Rethinking Positive and Negative Liberty by Maria Dimova-Cookson Pdf

This book argues that the distinction between positive and negative freedom remains highly pertinent today, despite having fallen out of fashion in the late twentieth century. It proposes a new reading of this distinction for the twenty-first century, building on the work of Constant, Green and Berlin who led the historical development of these ideas. The author defends the idea that freedom is a dynamic interaction between two inseparable, yet sometimes fundamentally, opposed positive and negative concepts – the yin and yang of freedom. Positive freedom is achieved when one succeeds in doing what is right, while negative freedom is achieved when one is able to advance one’s wellbeing. In an environment of culture wars, resurging populism and challenge to progressive liberal values, recognising the duality of freedom can help us better understand the political dilemmas we face and point the way forward. The book analyses the duality of freedom in more philosophical depth than previous studies and places it within the context of both historical and contemporary political thinking. It will be of interest to students and scholars of liberalism and political theory.

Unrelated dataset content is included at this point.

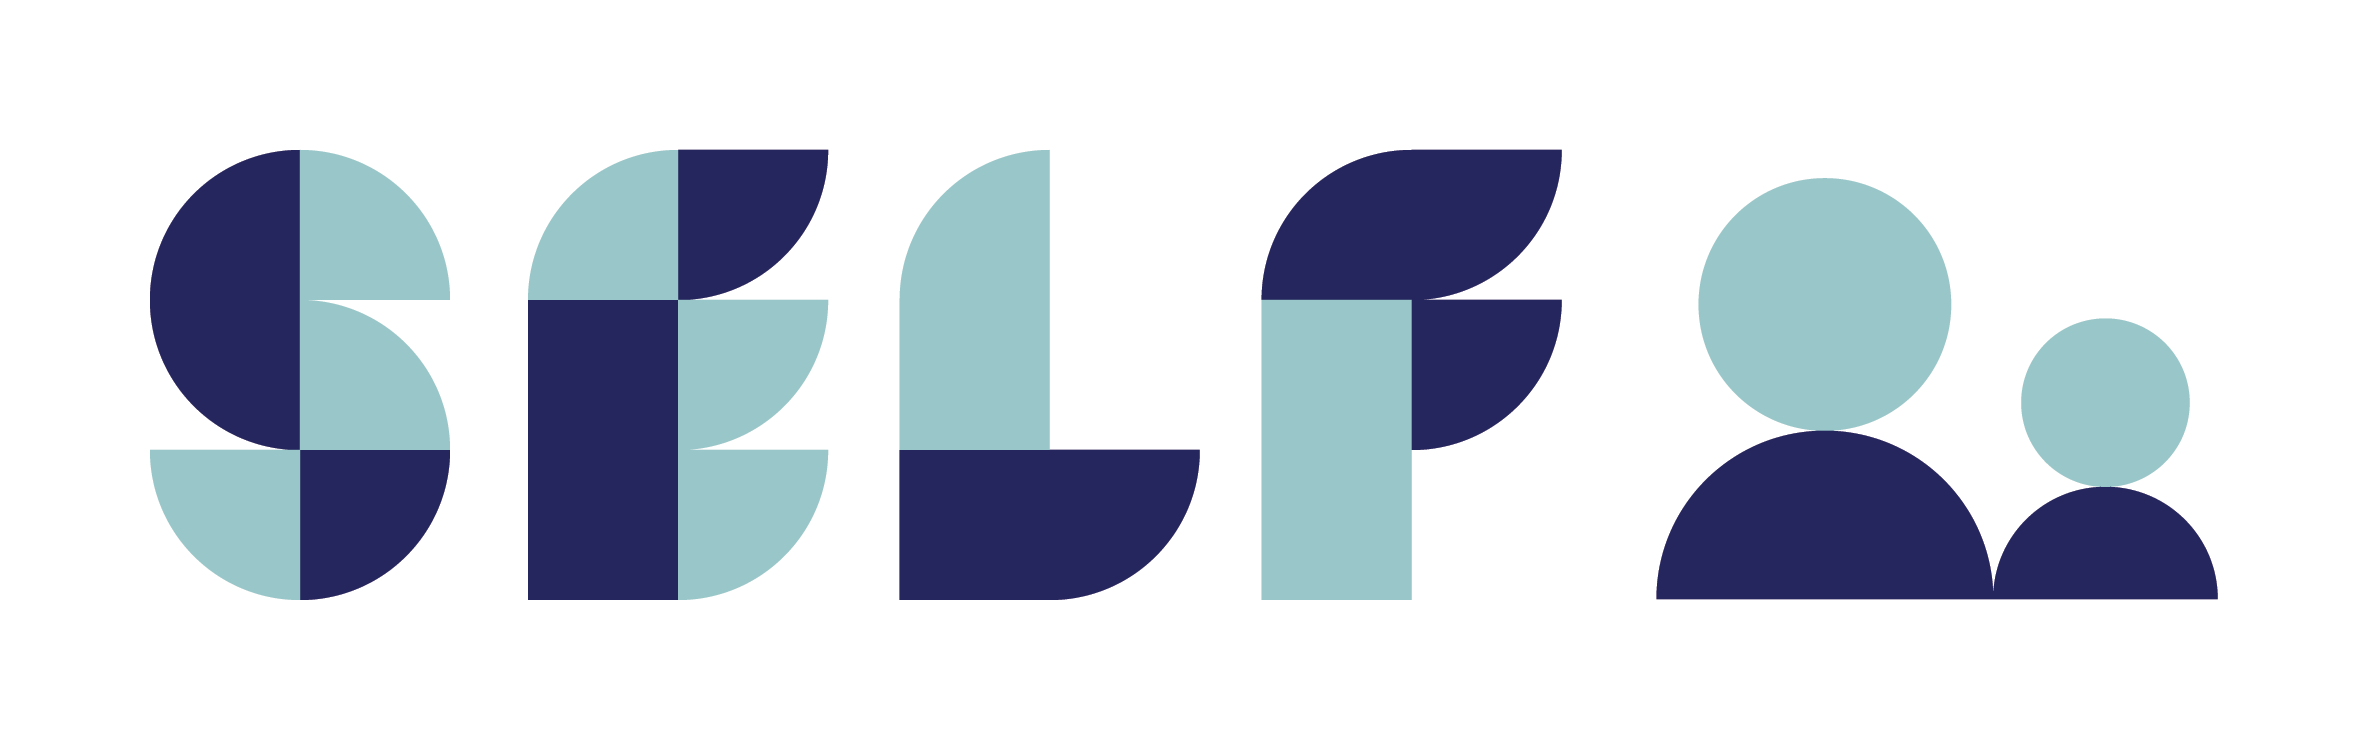 SELF Logo

British Idealism: A History

Author : W. J. Mander
Publisher : Oxford University Press
Page : 128 pages
File Size : 42,8 Mb
Release : 2011-05-12
Category : Philosophy
ISBN : 9780191618543

Get Book

British Idealism: A History by W. J. Mander Pdf

W. J. Mander presents the first ever synoptic history of British Idealism, the philosophical school which dominated English-language philosophy from the 1860s through to the early years of the following century. Offering detailed examination of the origins, growth, development, and decline of this mode of thinking, British Idealism: A History restores to its proper place this now almost wholly forgotten period of philosophical history. Through clear explanation of its characteristic concepts and doctrines, and paying close attention to the published works of its philosophers, the volume provides a full-length history of this vital school for those wishing to fill a gap in their knowledge of the history of British Philosophy, while its detailed notes and bibliography will guide the more dedicated scholar who wishes to examine further their distinctive brand of philosophy. By covering all major philosophers involved in the movement (not merely the most famous ones like Bradley, Green, McTaggart, and Bosanquet but the lesser known figures like the Caird brothers, Henry Jones, A.S.Pringle-Pattison, and R.B.Haldane) and by looking at all branches of philosophy (not just the familiar topics of ethics, political thought, and metaphysics but also the less well documented work on logic, religion, aesthetics, and the history of philosophy), British Idealism: A History brings out the movement's complex living pattern of unity and difference; something which other more superficial accounts have tended to obscure.